Apenas se ha puesto el pie en tierra africana se sien-te el deseo imperioso de ir más lejos, hacia el sur.

 

En su deseo de describir las profundas soledades del desierto, Guy de Maupassant sube a un tren y va a visitar las tropas acampadas a lo largo de los Chotts.

 

Saida es una pequeña ciudad a la francesa que parece habitada únicamente por generales. A lo menos son diez o doce y siempre parecen estar de conciliábulo.

Dan ganas de decirles:

– ¿Dónde está hoy Bu-Amema, mi general?

Los paisanos parecen respetar muy poco a los militares.

 

………

 

Saida, antes de la ocupación francesa, estaba protegida por una fortaleza que edificara Abd-el-Keder. La ciudad nueva está en un valle rodeado de montes pelados. Un riachuelo que casi se puede saltar a pies juntillas, riega los campos, cerca de los cuales crecen hermosas viñas.

Hacia el sur las montañas vecinas tienen el aspecto de una pared y son las últimas gradas que llevan a las altas mesetas.

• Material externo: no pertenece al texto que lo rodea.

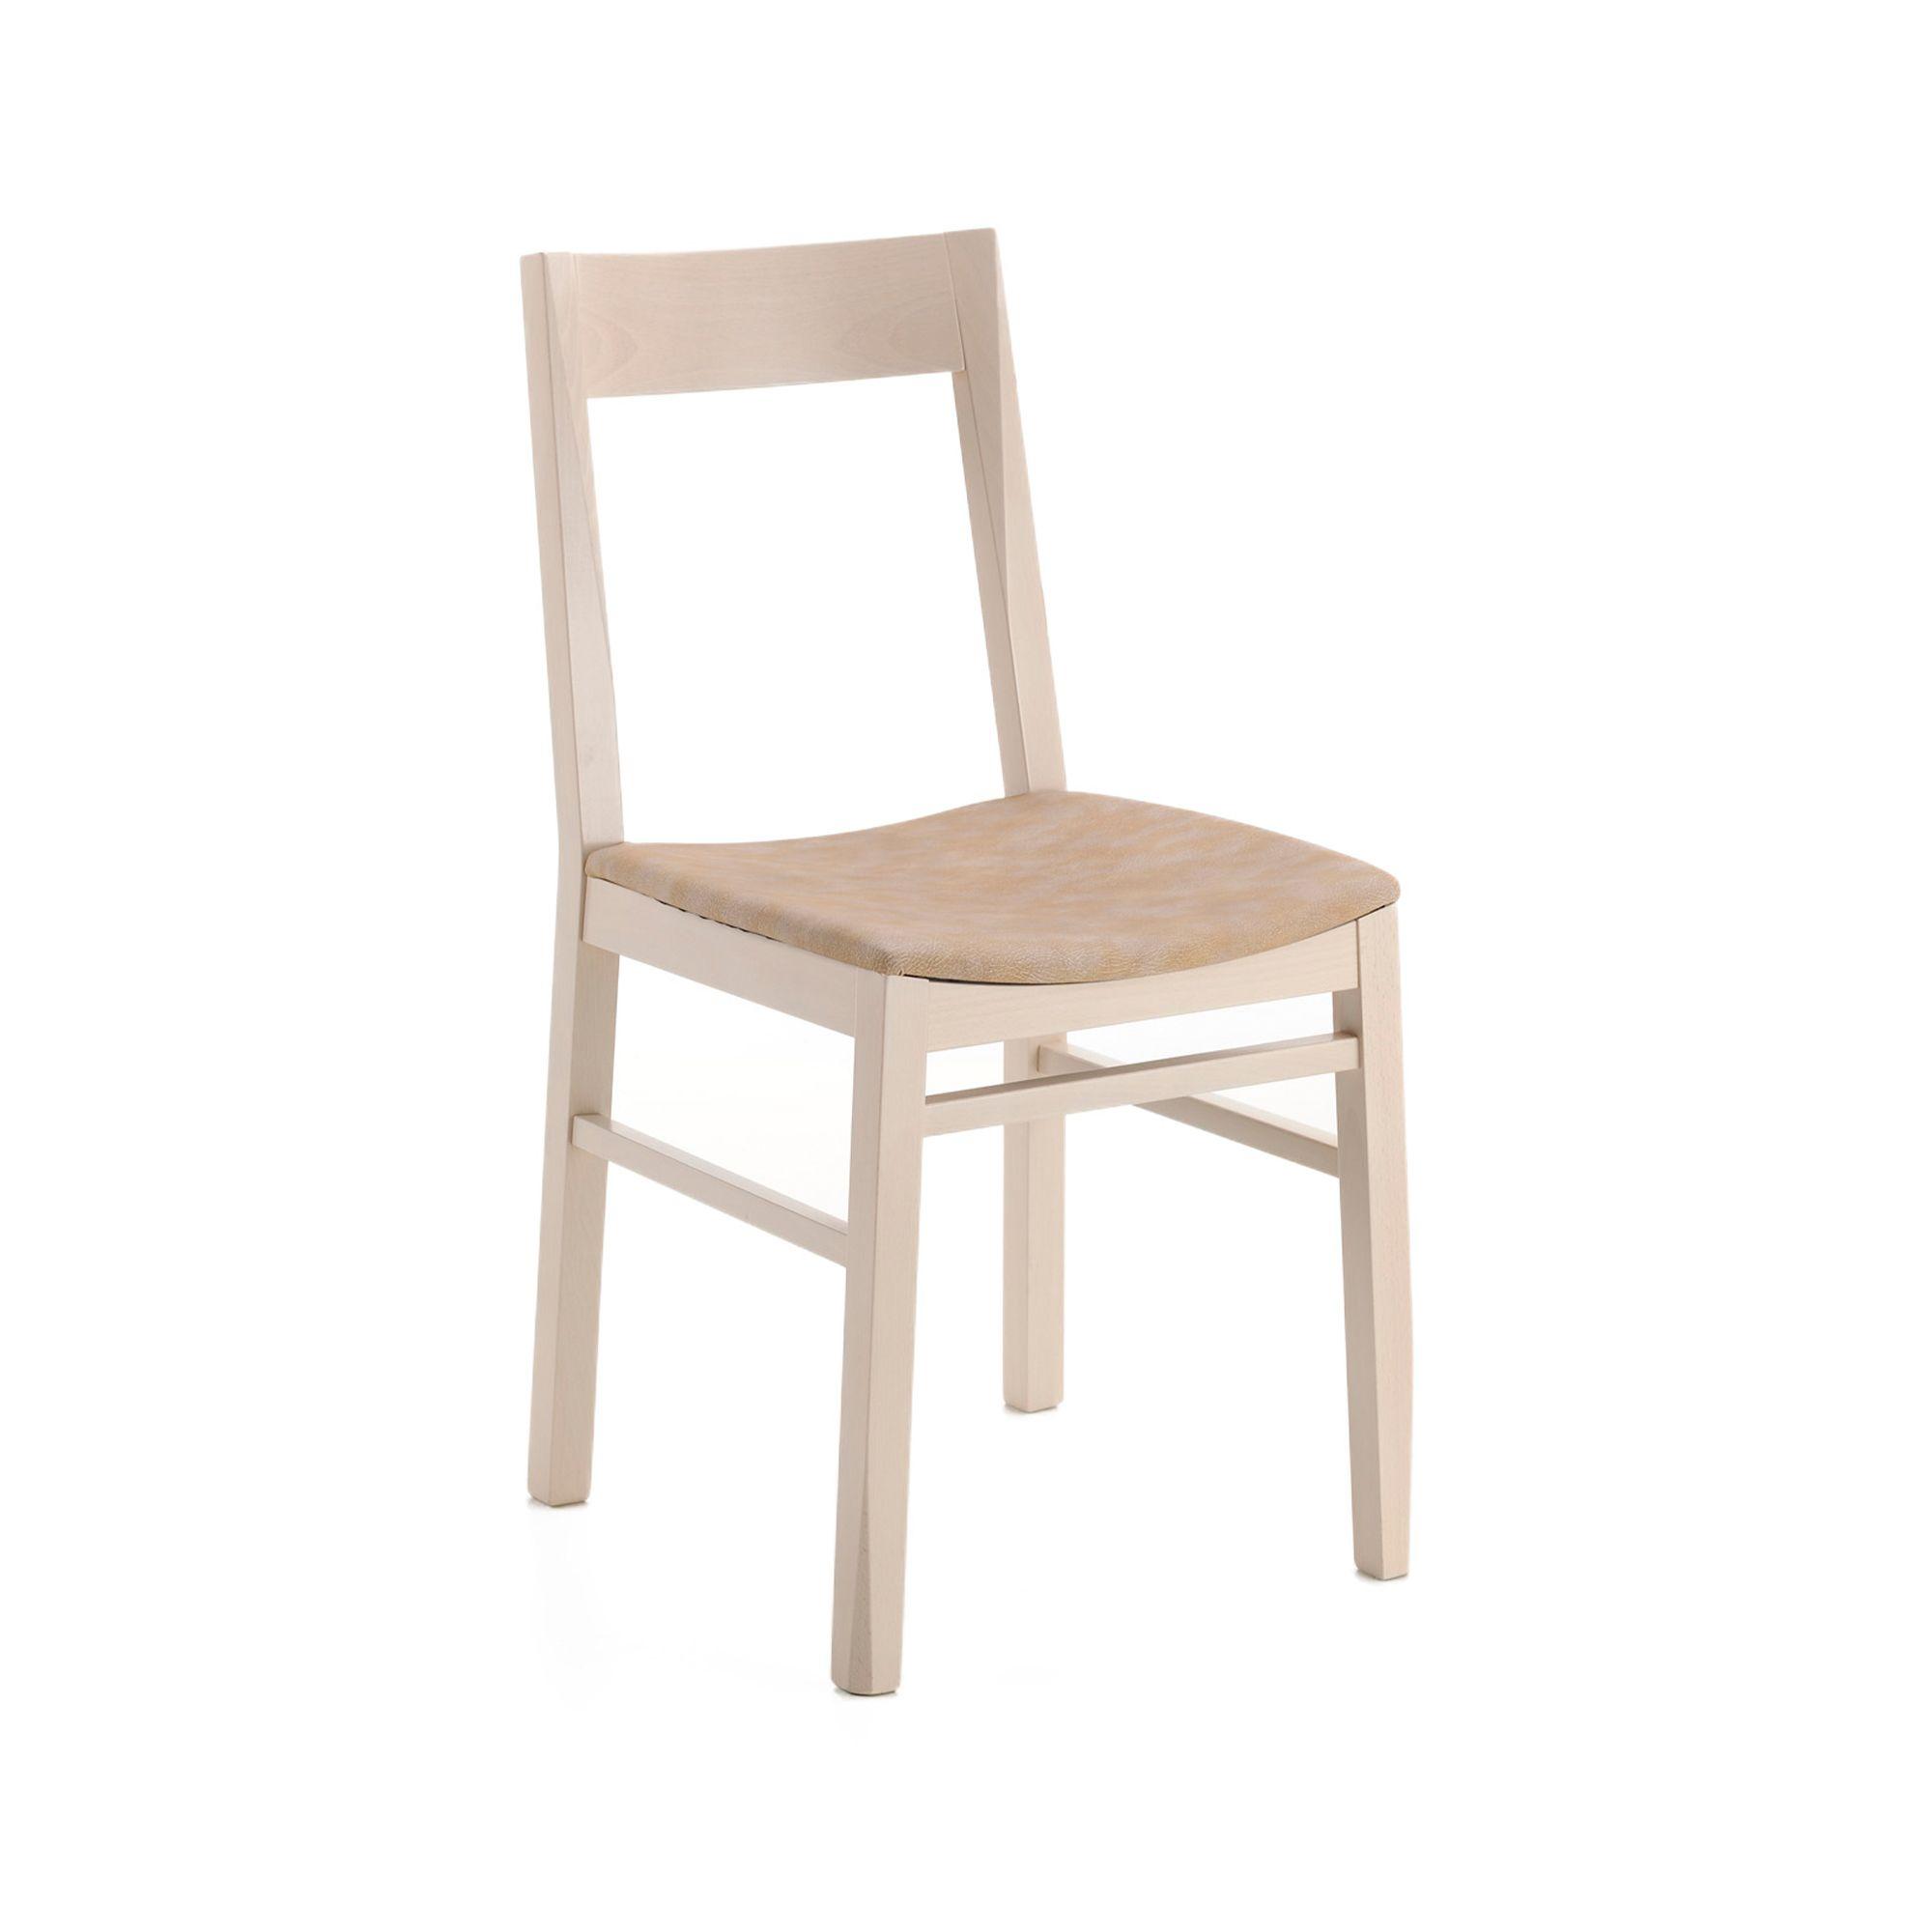 Model 874 chair in modern style
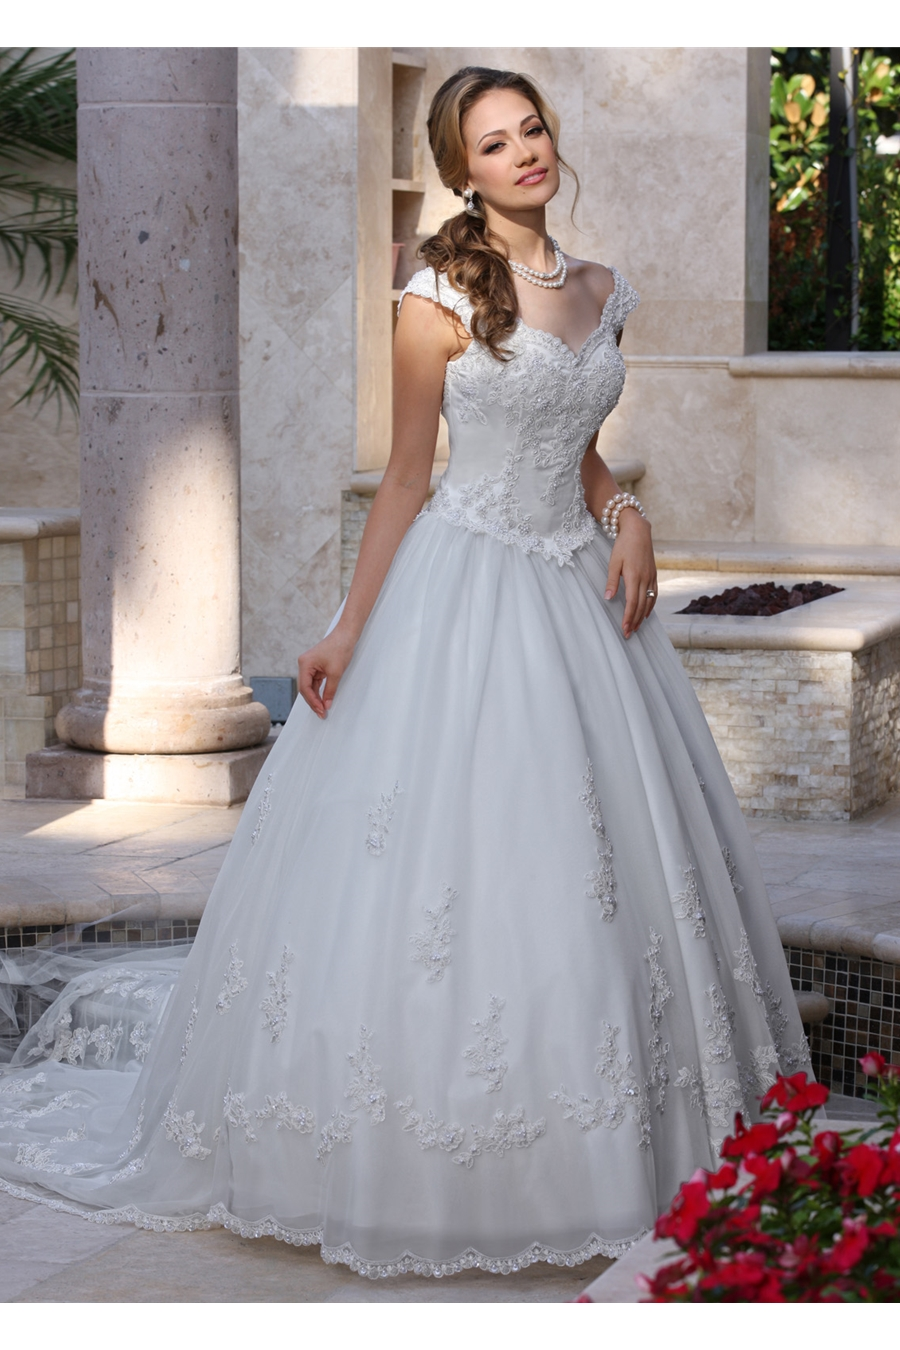 Blu by Mori Lee Wedding Dress Style 5515/Matilda | House of Brides

A la izquierda se yergue un peñasco de color rojo encendido, de unos cincuenta metros de alto,  y que tiene en la cima restos de obras de fábrica. Aquellas minas es todo lo que queda de la Saida de Abd-el-Keder. Este peñasco visto de lejos parece que adhiere a la montaña; pero si se sube a él, se queda uno admirado y sorprendido. Un barranco profundo abierto entre la roca cortada a pico, separa el antiguo reducto del emir de la cercana montaña. Esta es de piedra rojiza que muestra las huellas de las lluvias de invierno en forma de profundas quiebras. Por el barranco corre el riachuelo entre un bosque de adelfas. Desde arriba parece aquello una alfombra oriental tendida en un corredor. El tapiz de flores parece interrumpido, manchado únicamente por los tonos verdes de las hojas que a veces predominan sobre la masa rosada.

 

Todos los cuadros de los que se compone el relato de Maupassant también están enérgicamente trazados. El siroco, el espejismo, los bosques de adelfa, «especie de un junco de un verde azulado que cubre el soto hasta perderse de vista», están perfectamente descritos.

Los esparteros españoles, causa en parte de la última insurrección, están descritos así:

 

En aquel océano de esparto, en aquella triste extensión verdosa, inmóvil bajo el cielo abrasador, vivía una verdadera nación, hordas de hombres atezados, aventureros a quiénes la miseria u otras razones habían arrojado de su patria. Más salvajes y temidos que los árabes, aislados, lejos de toda ciudad, de toda ley, de toda fuerza, hicieron, a lo que se dice, lo que sus antepasados al descubrir nuevas tierras; fueron violentos, sanguinarios, terribles para con los indígenas.

La venganza de los árabes fue espantosa.

 

La segunda parte del viaje en el sur de Orán ese esperada por todos los que están expectantes ante las producciones del joven y talentoso escritor.

 

Auguste Marcade.

 

 

Le Figaro. Suplemento literario del domingo. 1 de diciembre de 1883.